Plaintiffs then requested leave to amend so that they could file a fourth amended complaint. The district court denied the motion. Critical to the appeal is whether or not the district court provided an explanation for its denial or whether a justification was apparent from the record. An outright refusal to grant the leave without any justifying reason is an abuse of discretion. Foman v. Davis, 371 U.S. 178, 83 S.Ct. 227, 9 L.Ed.2d 222 (1962).
After the district court denied plaintiffs' leave to amend, plaintiffs brought a motion requesting the court to direct the entry of judgment under Rule 54(b) as to the defendant Hill, HFB and to make an express determination "that there is no just reason for delay" of the entry of final judgment in order to permit an appeal of the denial of leave to file the proposed fourth amended complaint in accordance with Fed.R.Civ.P. 54(b).
The district court granted the motion and signed a final judgment dismissing the case against HFB. The judgment specified that there is "no just reason for delay."
Attorney William Paul Kannow represented HFB on the appeal.
In the "Statement of the Case" section of appellee's brief, on pp. 2-3 (emphasis in original), counsel states that:
Implicitly recognizing the futility of allowing plaintiffs to again assert the same defective federal claims, (as well as the prejudice which would be occasioned to the proposed defendant by permitting the assertion of a pendent malpractice cause of action), the District Court expressly found that there was 'no just reason' for now presenting these allegations, and thus denied the Motion.
In the argument sections of appellee's brief,
a. On p. 15, counsel states that
However, the most glaring and inaccurate misstatement in plaintiffs' Opening Brief is found in their assertion that the District Court gave no reason for its denial of their Motion....
b. On p. 17, counsel states that
In the case at bench, the District Court did provide its rationale for denying plaintiff's Motion to amend and the record fully discloses that its denial was not an abuse of discretion.
At oral argument, Mr. Kannow stated the issue before the court was whether the district court
abused its discretion in finding that there had been an unjust delay with respect to the proposed amended complaint by the appellants.
At oral argument, a panel judge, noting that "whether or not the judge did in fact state reasons" may be a crucial point in this case, asked counsel for a citation to the record in support of the statement (quoted above) made at p. 17 of the appellee's brief. Mr. Kannow responded
On page seven ... the first paragraph indicates with a citation to the record that the court in denying the motion for leave to amend, expresses that [there is] "no just reason for delay" ... that would be the reference to [Excerpts of Record] 392-393.V.

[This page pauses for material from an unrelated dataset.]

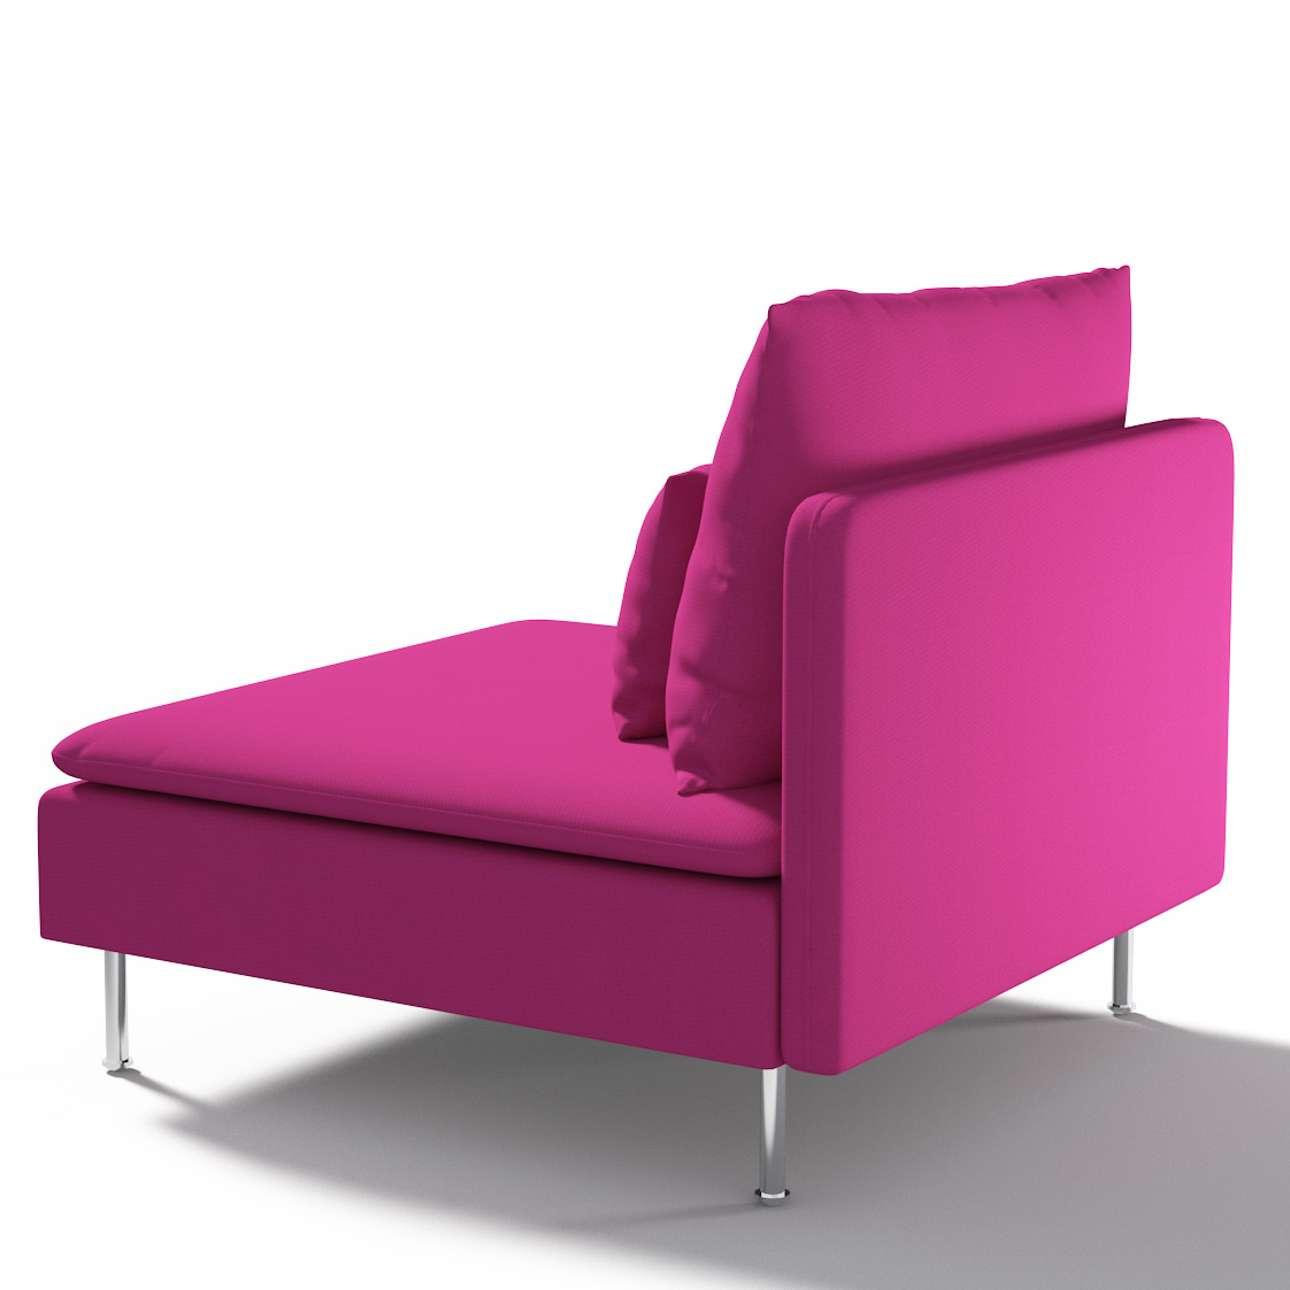 Söderhamn Bezug für Sitzelement 1 Sitzelement 1 von der Kollektion Etna, Stoff: 705-23

It is apparent from the record that the finding of the district court in its final judgment has reference only to the timing of the entry of the final judgment pursuant to Fed.R.Civ.P. 54(b) and not to the reason why the court denied leave to file the proposed fourth amended complaint.
The court therefore filed and directed the service of an order to show cause why HFB and Mr. Kannow should not be sanctioned by reason of false or misleading statements to the court regarding the record of the case.
In reply to the order to show cause, Mr. Kannow filed a response in which he acknowledged that he and he alone was responsible for the statements set forth above in this order.
Mr. Kannow further states that he believes the court is correct in its conclusion regarding the statement of the district court that "there is no just reason for delay."
Mr. Kannow attributes his errors to his neglect in not having more carefully reviewed the record as well as his relative inexperience with matters pertaining to federal appellate procedure--the appeal being his first appeal in federal court.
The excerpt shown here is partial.